Figure A.6: Energy of load/store instruction

#### A.6.4 Load/store instructions

Another group of instructions are the load/store's. The MiniMIPS implements only word operations to/from memory: load word (lw) and store word (sw). Their energy breakdown is shown in Figure A.6. A data cache miss adds 30.86nJ to the current load instruction.

### A.6.5 esim agreement with lab data

Thanks to Mika Nyström, we have collected lab data of the total energy consumed by the fabricated chip running certain instructions. The next table compares these results with the results estimated using esim.

| instr           | lab                 | esim                | error |
|-----------------|---------------------|---------------------|-------|
| nop             | $22.71 \mathrm{nJ}$ | $20.63 \mathrm{nJ}$ | 9.16% |
| addiu r2, r1, 0 | 34.06nJ             | $31.57 \mathrm{nJ}$ | 7.31% |
| sll r1, r0, 0   | 34.85nJ             | 33.58nJ             | 3.64% |
| or r2, r1, r1   | 33.78nJ             | $32.32 \mathrm{nJ}$ | 4.32% |
| ori r2, r1, 0   | $31.04 \mathrm{nJ}$ | $29.60 \mathrm{nJ}$ | 4.64% |
| mult r1, r1     | 61.19nJ             | 56.77nJ             | 7.22% |
| lw r2, 0(r1)    | 44.87nJ             | 41.51nJ             | 7.48% |

This comparison shows that the error between lab data and esim is as expected—given the accuracy of hspice—within 10%.

The application of esim to the PR set of the MiniMIPS gave us important insights in the specifics of energy consumption in an asynchronous processor. This knowledge will be useful for the contemplated redesign of the MiniMIPS.

#### A.7 Conclusion

We have presented a method and a simulator for the accurate energy estimation of QDI circuits.

The method is based on the "production-rule" (PR) notation, which gives an accurate logical description of the circuit. The PR set of a system can be either synthesized from a high-level description or extracted from layout. The esim simulator is both simple and efficient and can be parallelized easily. It can be used for logical, timing, energy, or combined  $Et^2$  [33] simulation.

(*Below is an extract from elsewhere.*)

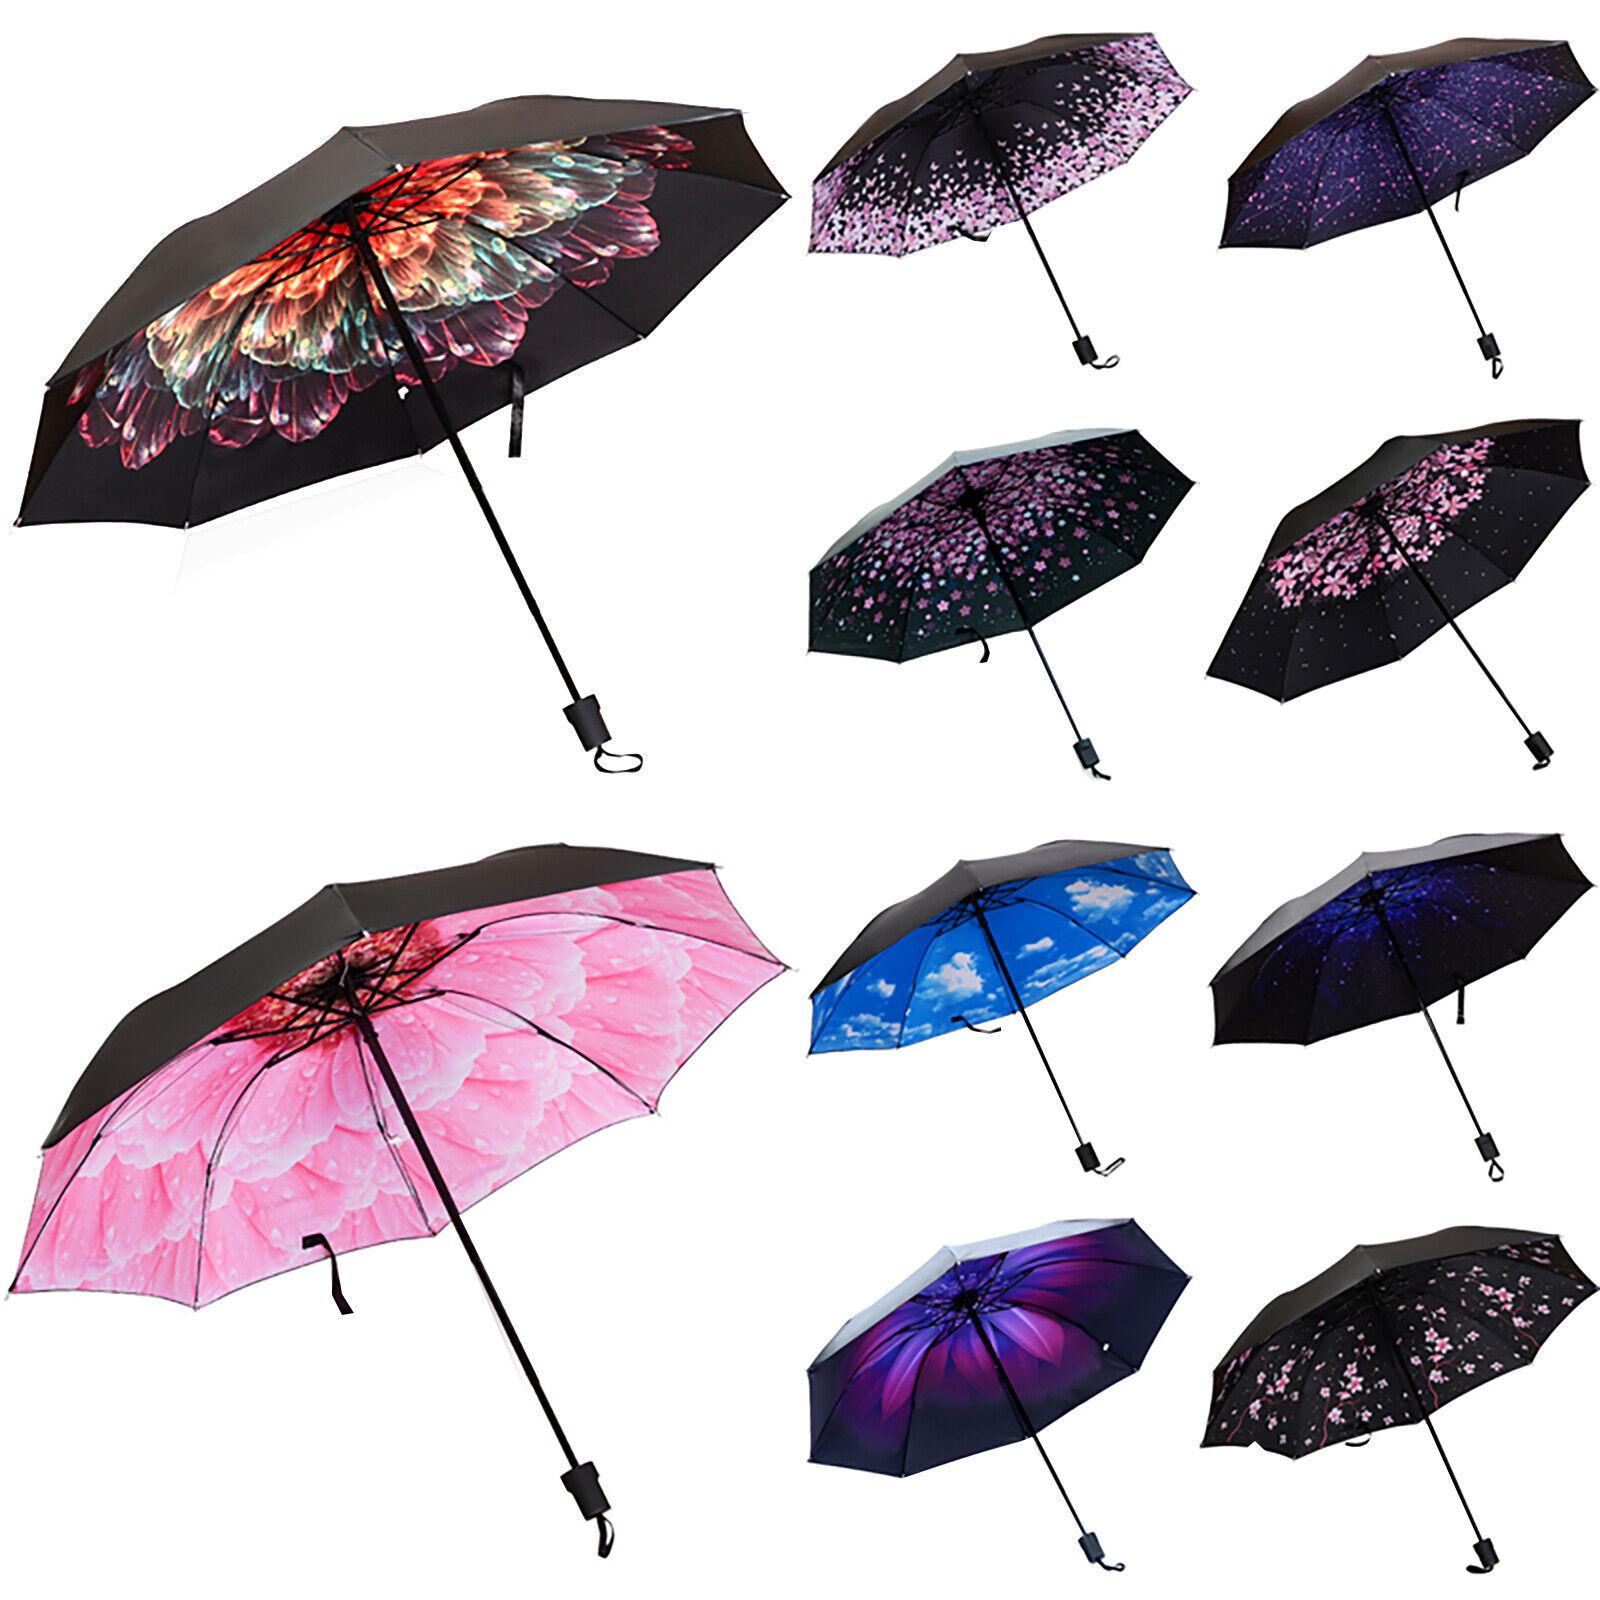 Double Layer Anti UV Upside Down Folding Handle Reverse Sun Rain Umbrella Floral

The models for capacitance and delays can be as simple or as sophisticated as necessary, and can be either estimated from a high-level description or extracted from layout. The accuracy of the physical modeling of switching activity is greatly improved by the absence of glitches and other beneficial properties of QDI circuits. Of course, estimating interconnect capacitances accurately remains a problem.

The method has been successfully applied to the energy estimation of a complete asynchronous 32-bit MIPS microprocessor, demonstrating the efficiency of the method for the simulation of large systems. The results also shed light on the energy budget of such a processor. In particular, it shows that 90% of the energy is consumed in communication and only 10% in actual execution of instructions.

These results and the accurate energy breakdown will be useful for the contemplated redesign of the asynchronous MIPS, which will be optimized for  $Et^2$ . We expect greatly improved energy consumption compared to the present design.